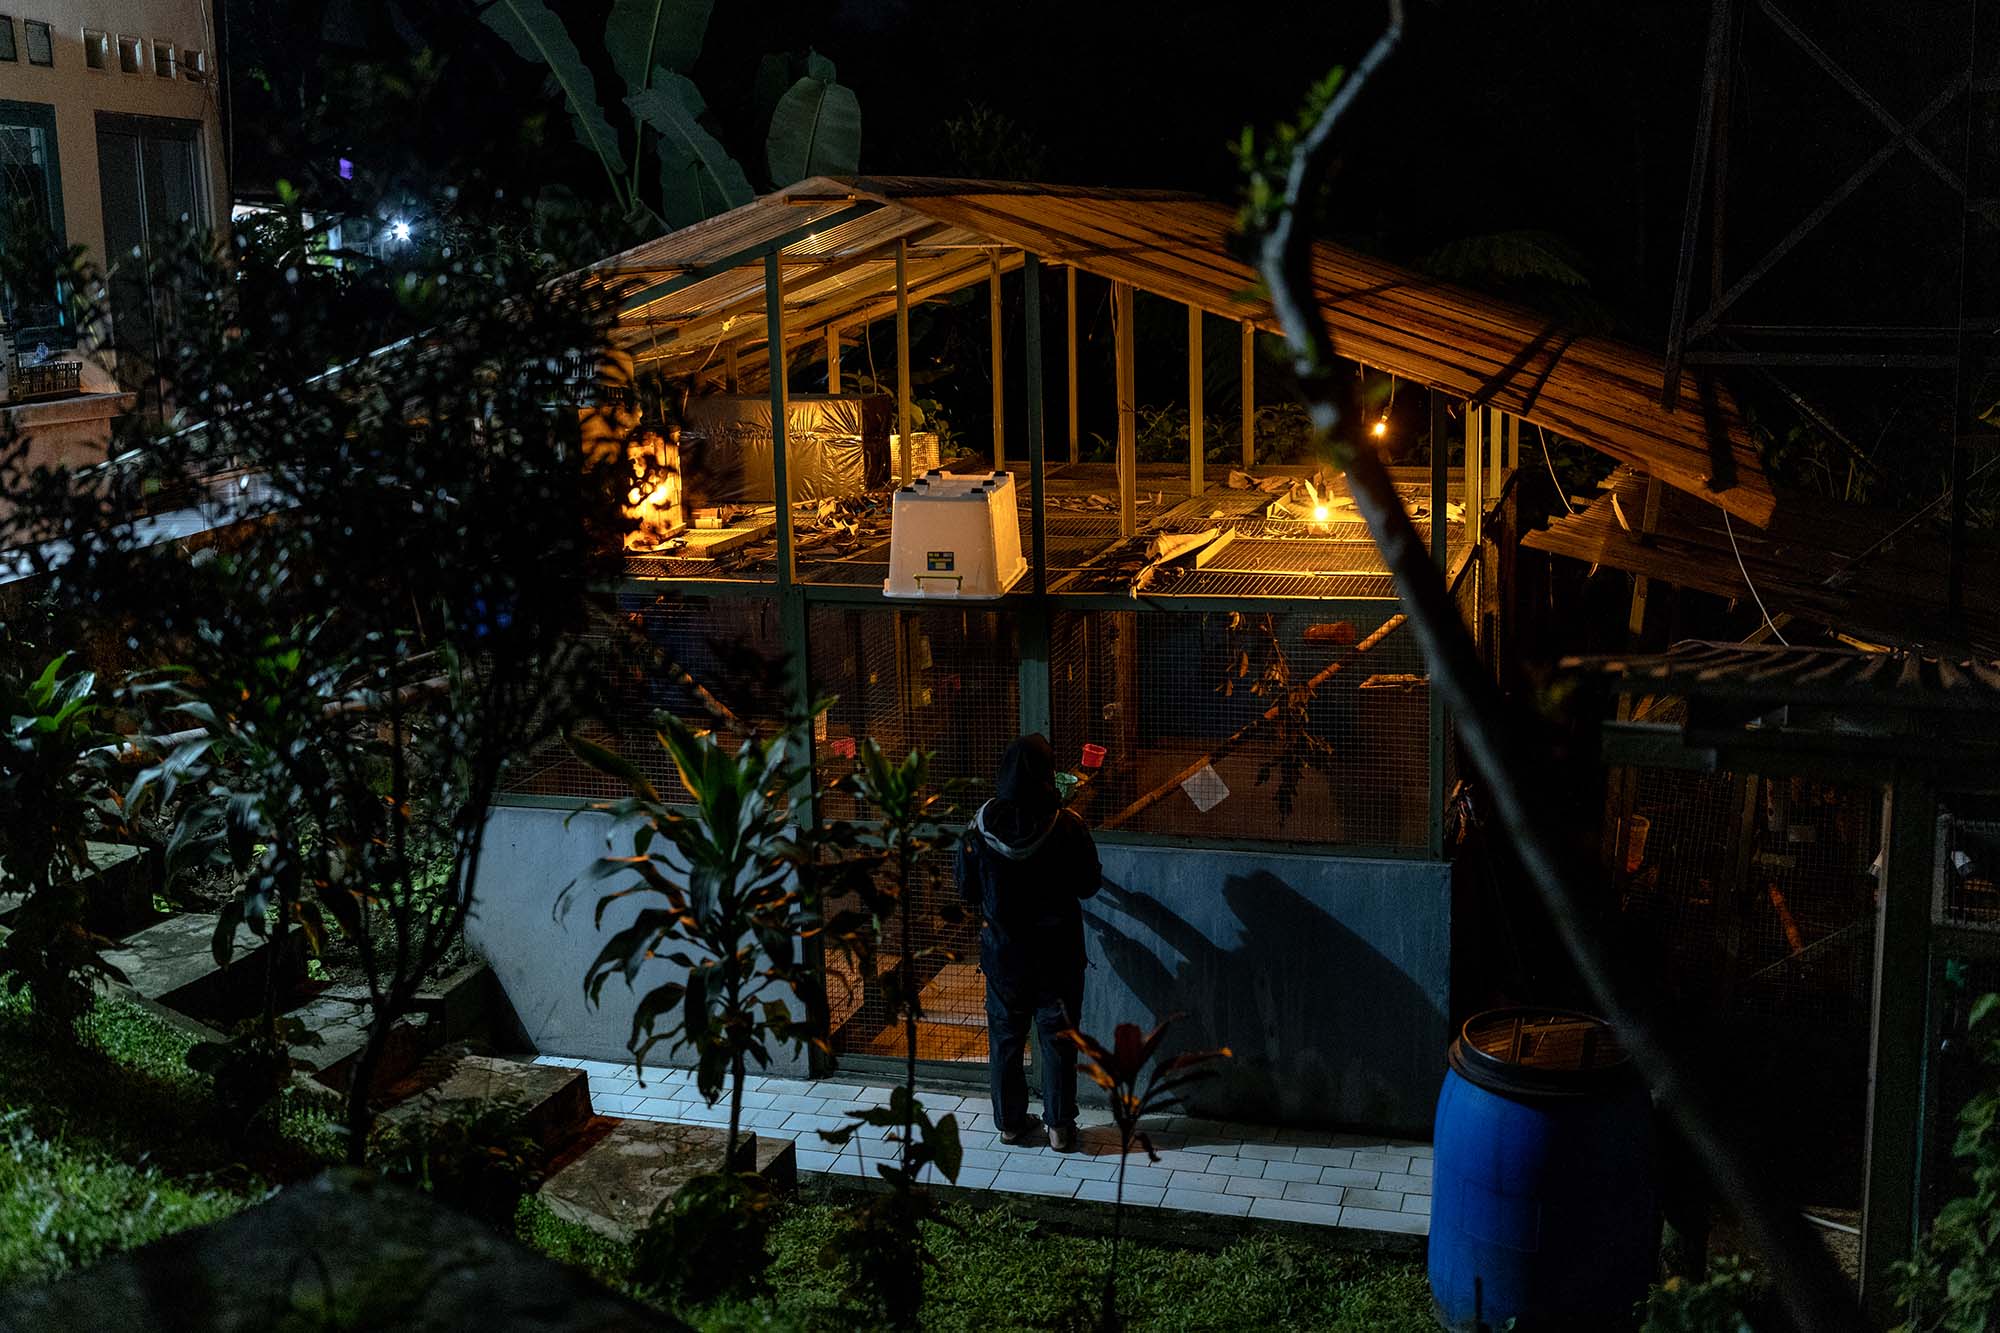 Returning the endangered slow loris to its wild Javan home
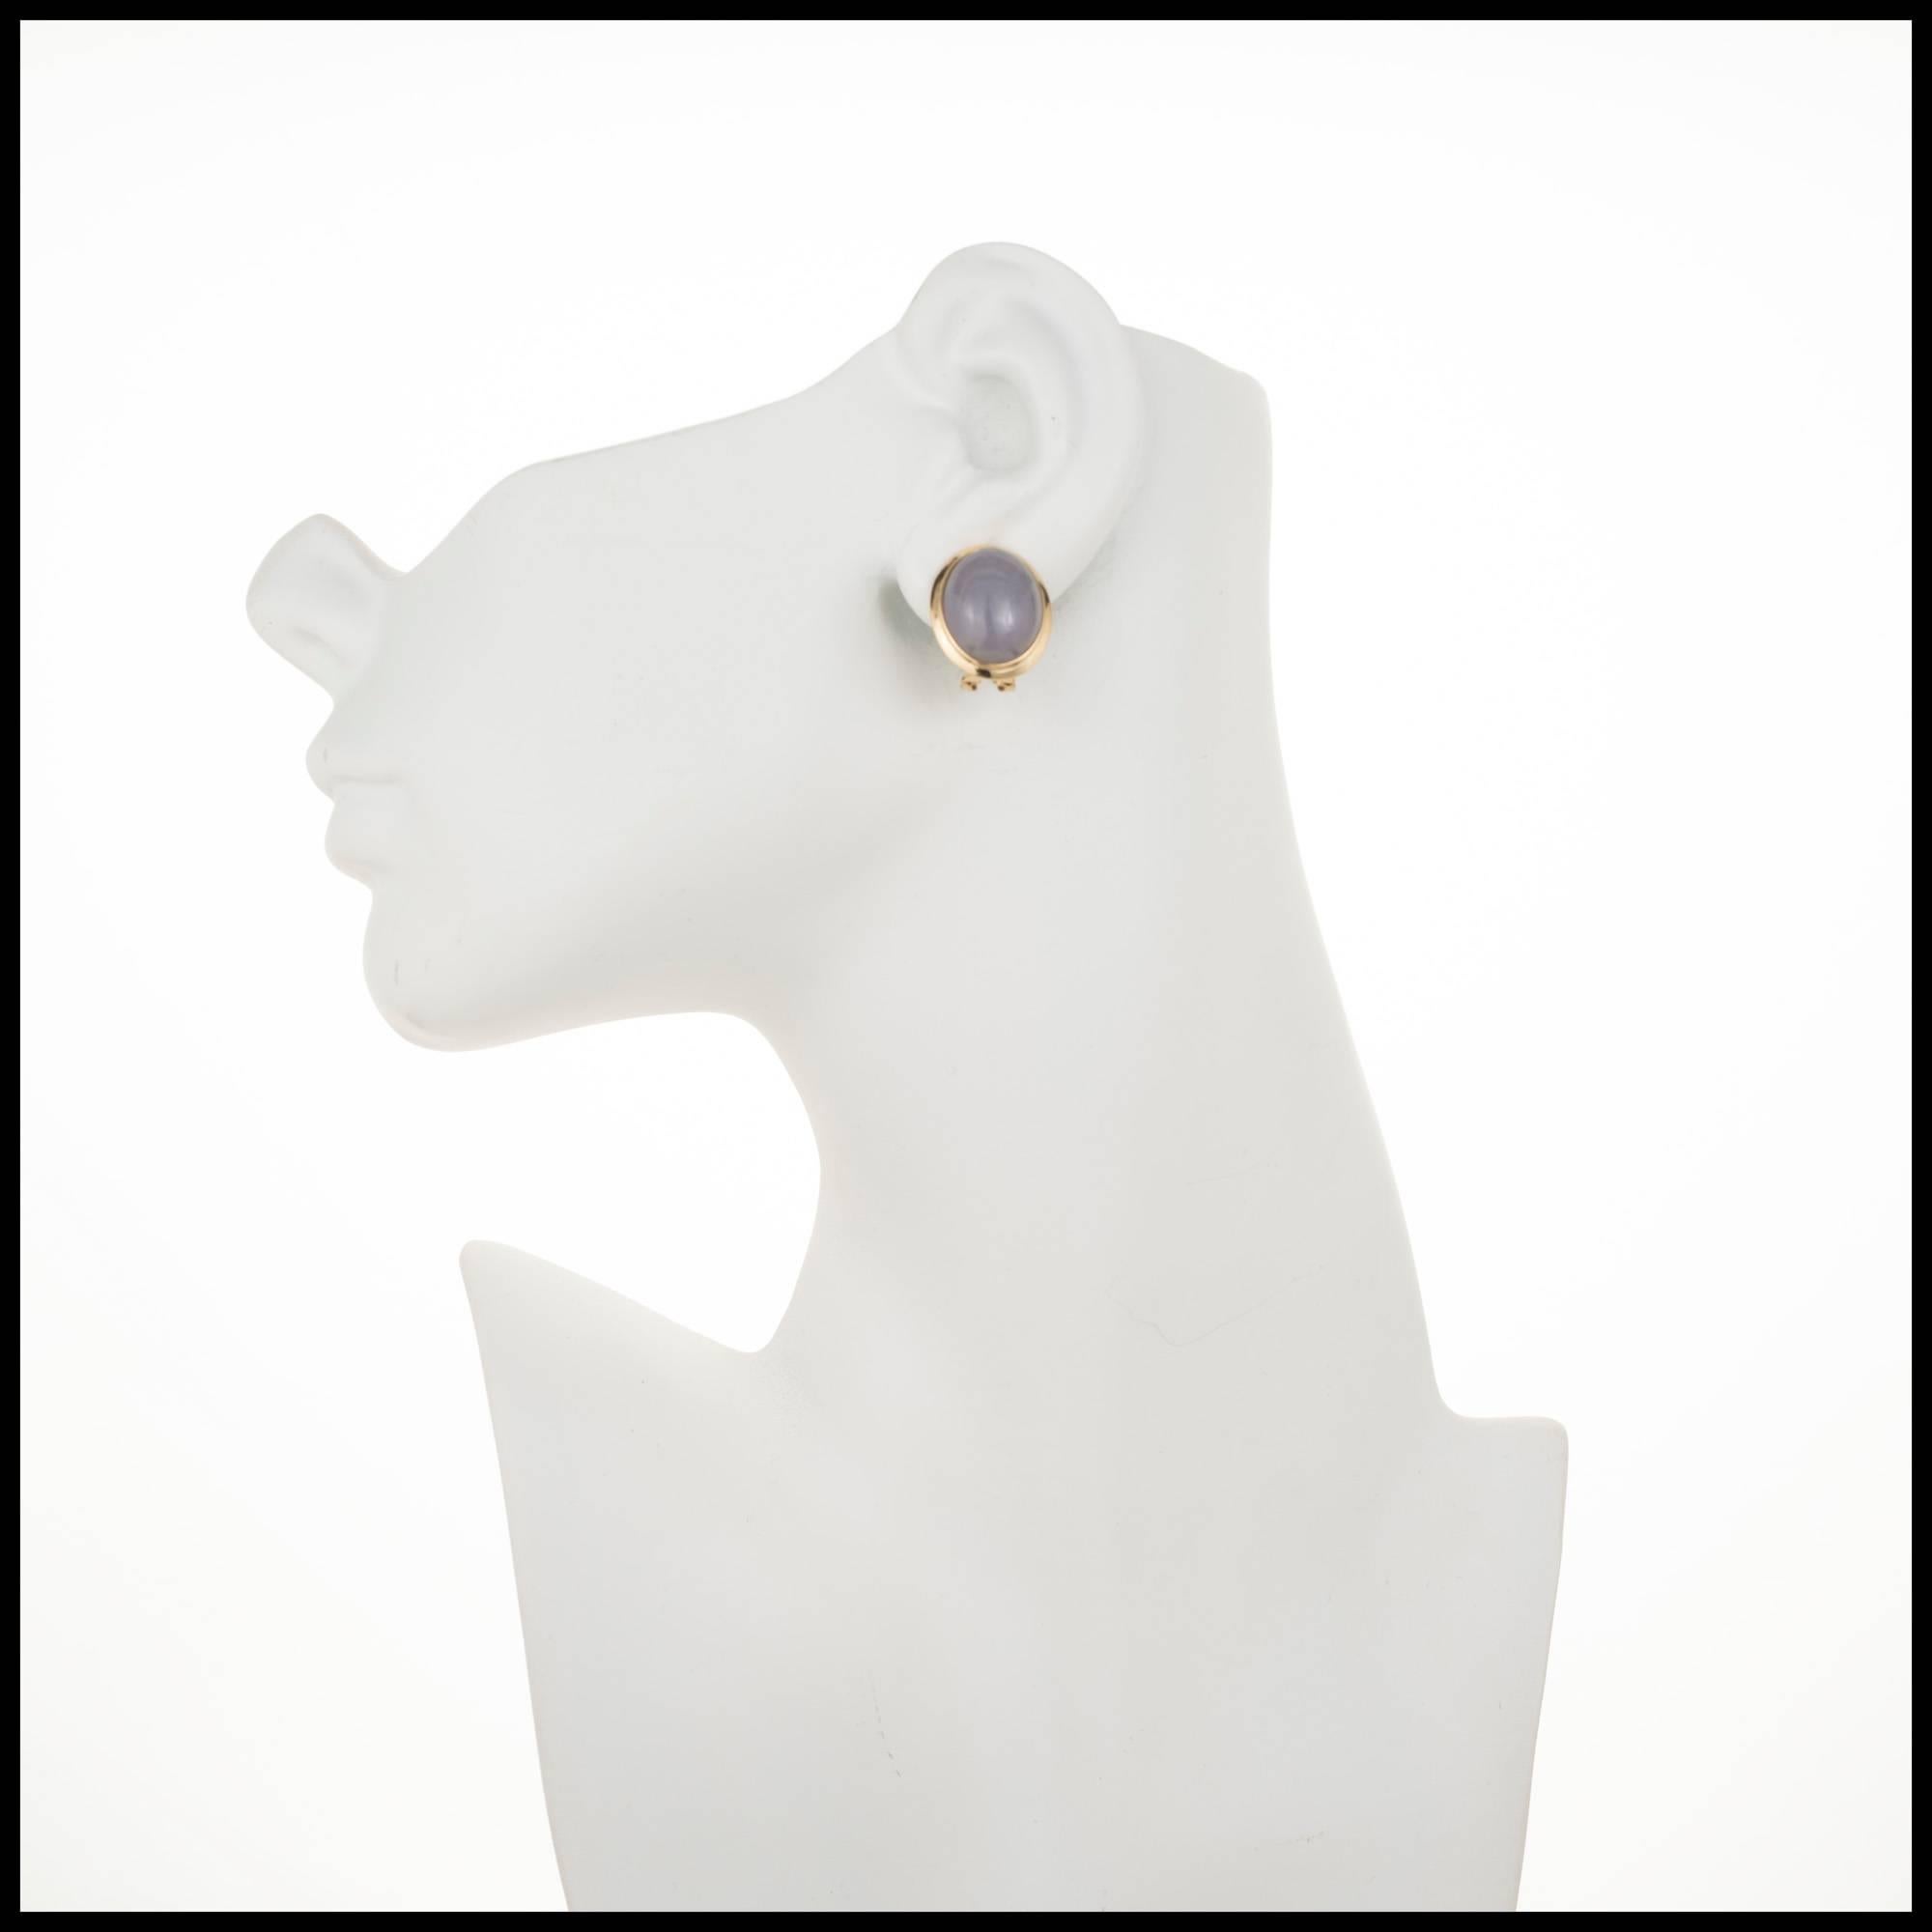 jadeite earrings for sale
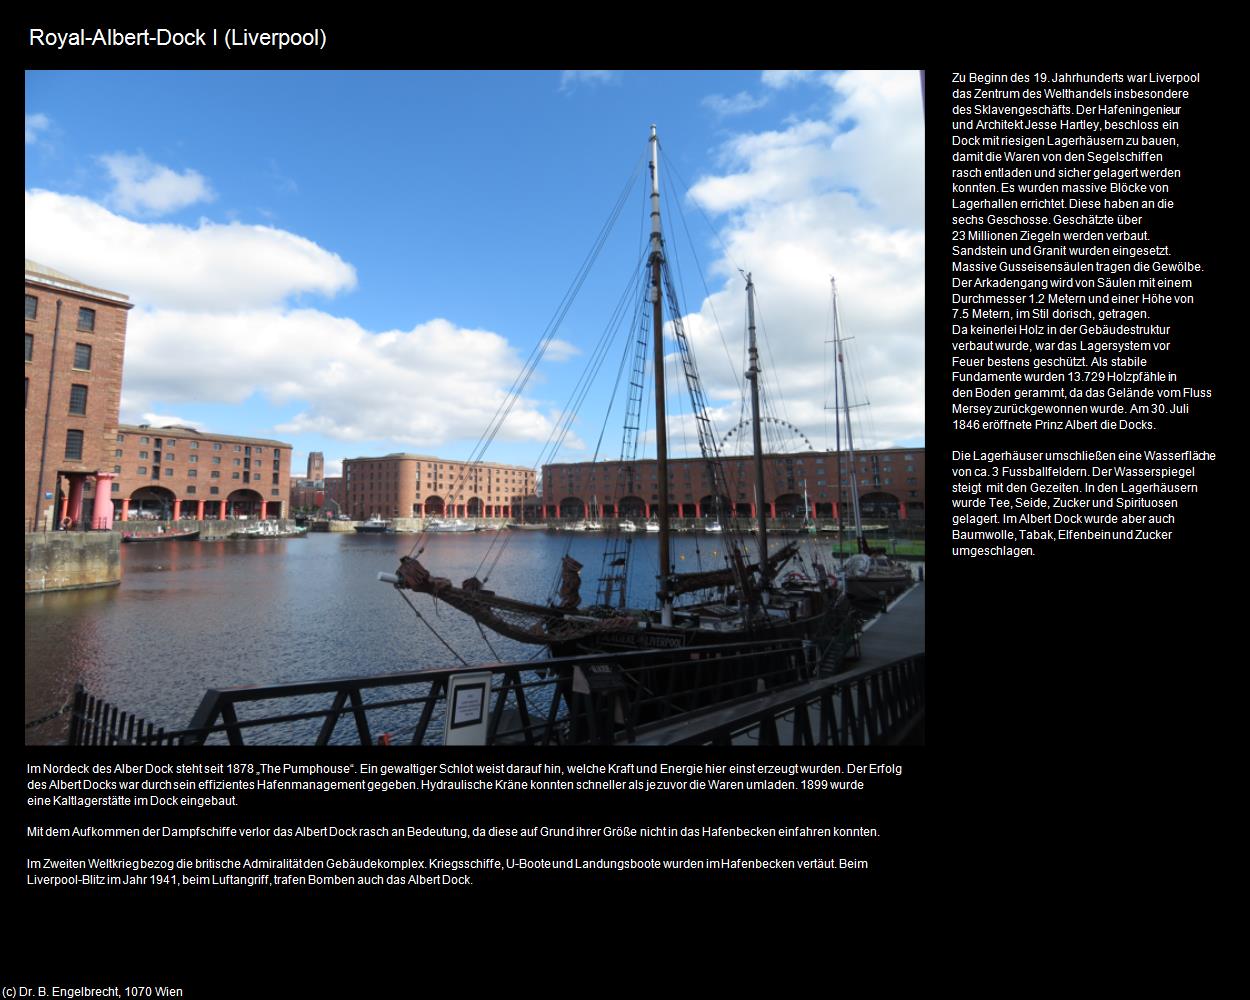 Royal-Albert-Dock I   (Liverpool, England) in Kulturatlas-ENGLAND und WALES
__________________________________________________
> WORK INSTRUCTIONS
Repeat the data above exactly, leaving out any pictures it holds.

> OUTPUT OF THE EXERCISE
 Returning the endangered slow loris to its wild Javan home
 jadeite earrings for sale
 Royal-Albert-Dock I   (Liverpool, England) in Kulturatlas-ENGLAND und WALES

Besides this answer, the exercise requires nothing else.